# RAAF 22 Squadron: some pictures, logbooks etc



## Jemm (Jan 12, 2010)

Ok, hoping the stuff I have scanned will actually come up ok if I load it here.

I have a small pile of stuff from my late uncle who flew A-28 14 which went missing in PNG on 9th Feb 1943. Plus letters from some old guys with their personal accounts of their time with the 22 Sqd.

Ok, finger's crossed this works.....I'll just do one to start as I'm not confident of my ability to upload properly

Reactions: Like Like:
1 | Like List reactions


----------



## Jemm (Jan 12, 2010)

Crap, sorry, that's a bit large.........umm...this is a photo of the whole Squadron.

Reactions: Like Like:
1 | Like List reactions


----------



## Jemm (Jan 12, 2010)

Logbook

Reactions: Like Like:
1 | Like List reactions


----------



## Jemm (Jan 12, 2010)

More logbook.....sorry it's so huge. At least we can read it properly I suppose. I note it's all signed by Learmonth.

Reactions: Like Like:
1 | Like List reactions


----------



## Jemm (Jan 12, 2010)

Ok, apologies to the admin guys. I don't know how to shrink this stuff so it's a reasonable size. if you want me to delete please say so. If anyone knows how to make it smaller I'll happily email copies......


----------



## Wildcat (Jan 12, 2010)

Fascinating stuff Jemm! I love the sqn photo and I thought Keith Hampshire's letter was a very thorough run down of events sent to Bill's Mum. Of note is the fact that Hampshire went on to become a night fighter ace with 456sqnRAAF in Europe.


----------



## Jemm (Jan 12, 2010)

I've got stacks more. I'm just wondering whether to type a copy of a letter an old bloke wrote me about his time with the 22 or try and scan it. His writing isn't that clear so maybe I should type it.

I've got the 'we regret to inform you" telegram as well. All very depressing. And I think the saddest part is that in 1986, my old grandma was STILL writing to the Dept of Defence every other year wanting to know if there was news of Bill. The poor lady spent all those years wondering. She died in 1992, aged 97, never knowing what had really happened. Tragic stuff.


----------



## Heinz (Jan 12, 2010)

Thanks for posting Jemm! Appreciate your time to do so.


----------



## ozhawk40 (Jan 12, 2010)

Thank you Jemm for posting this info.

Cheers

Peter


----------



## A4K (Jan 12, 2010)

With the guys, thanks for posting Jemm!
You have to feel sorry for any family receiving such a letter as that posted...

Great info and photos in any case, be interesting to read anything you can post.

Evan


----------



## Jemm (Jan 12, 2010)

I've got a lot of the administrative letters and stuff. Also all enlistement docs and testing results etc. And the sad stuff, like an inventory of his possessions that were returned to the family and a couple of personal letters. Not much actual plane-related stuff. Some of it is very poor photocopies that might not scan well at all. 
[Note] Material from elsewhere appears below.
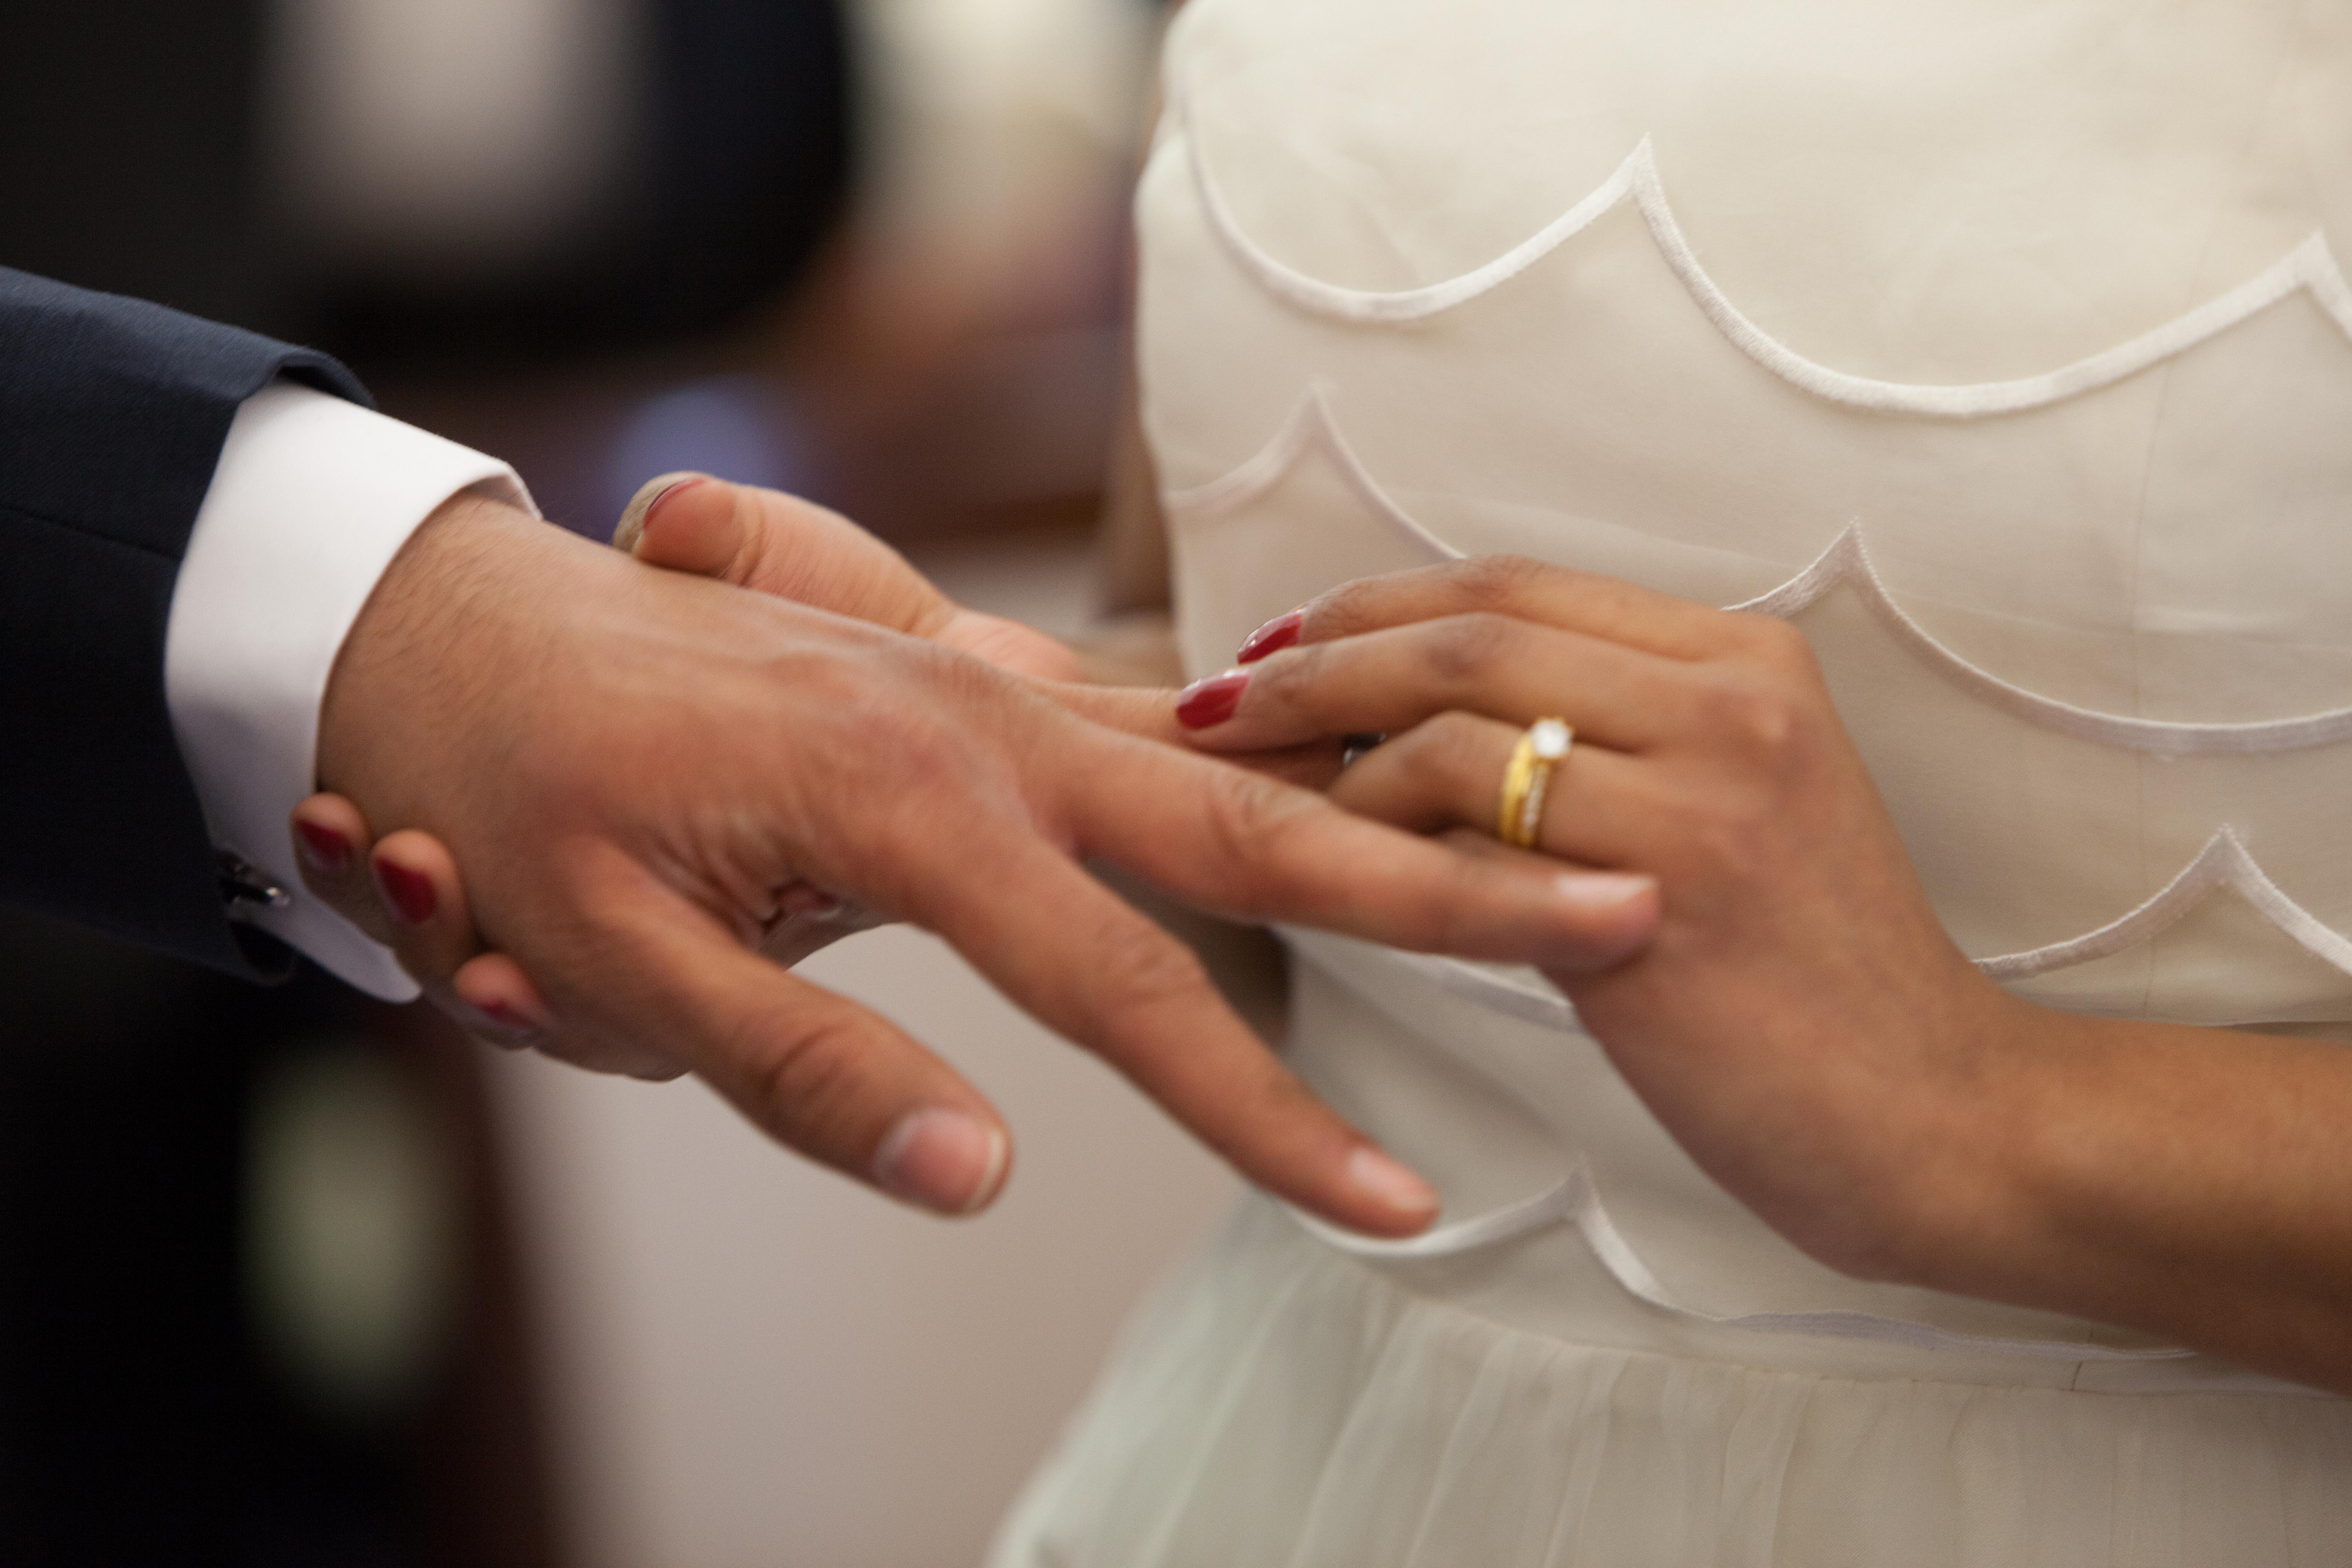 Matrimonio Catolico Misa : El matrimonio iglesia católica montevideo

But Im typing up the 4 page (4 large pages) letter one of his fellow aircrew wrote to me in 2004, and will post that once I've finished. 

I must say I love this site. I thought I was alone in my obsession!


----------



## Jemm (Jan 12, 2010)

Ok, that took a a while. Here is the first and only letter from L Hambly of 22 Sqd, which he wrote to me in 2004. I didn't hear from him again and am unsure if he is still alive....

Copy of Letter from L.C Hambly re RAAF 22 Squadron


6 May 2004

Dear J

I do not know where to begin this letter from the past. Bill ad I were 2 of 44 Wireless Air Gunners of No 22 Sqd (City of Sydney Sqd) all non-commission officers allocated to Boston bombers, which were in 1942-43 the fastest bombers in the world. Stationed at Richmond.

Bills’ plane was A 28-14 “P” . Pilot was L.A. Kenway F/O. My plane was A 28-3 “C”. My Pilot was Johnny Miles F/O.

I have much to tell you about our experiences even though I do not remember Bill, mainly because we were posted to Richmond (22 – 2nd WAG) from Bradfield Park. Nine of our number were from Parkes WAG school, 6 months living in each others pockets, and we knew each other intimately – whilst Bill was part of 13 who trained at Maryborough WAG School.

The 22 of us were part of a very large number of airmen booked to go to England on the “Queen Mary” having been allocated cabin numbers, we were lined up on the parade ground at Bradfield Park (Lindfield NSW) on Friday morning 21st August 1942.

A storm was forecast and the sailing was postponed until Monday 24th August – and to everyones’ delight we were granted weekend leave in Sydney.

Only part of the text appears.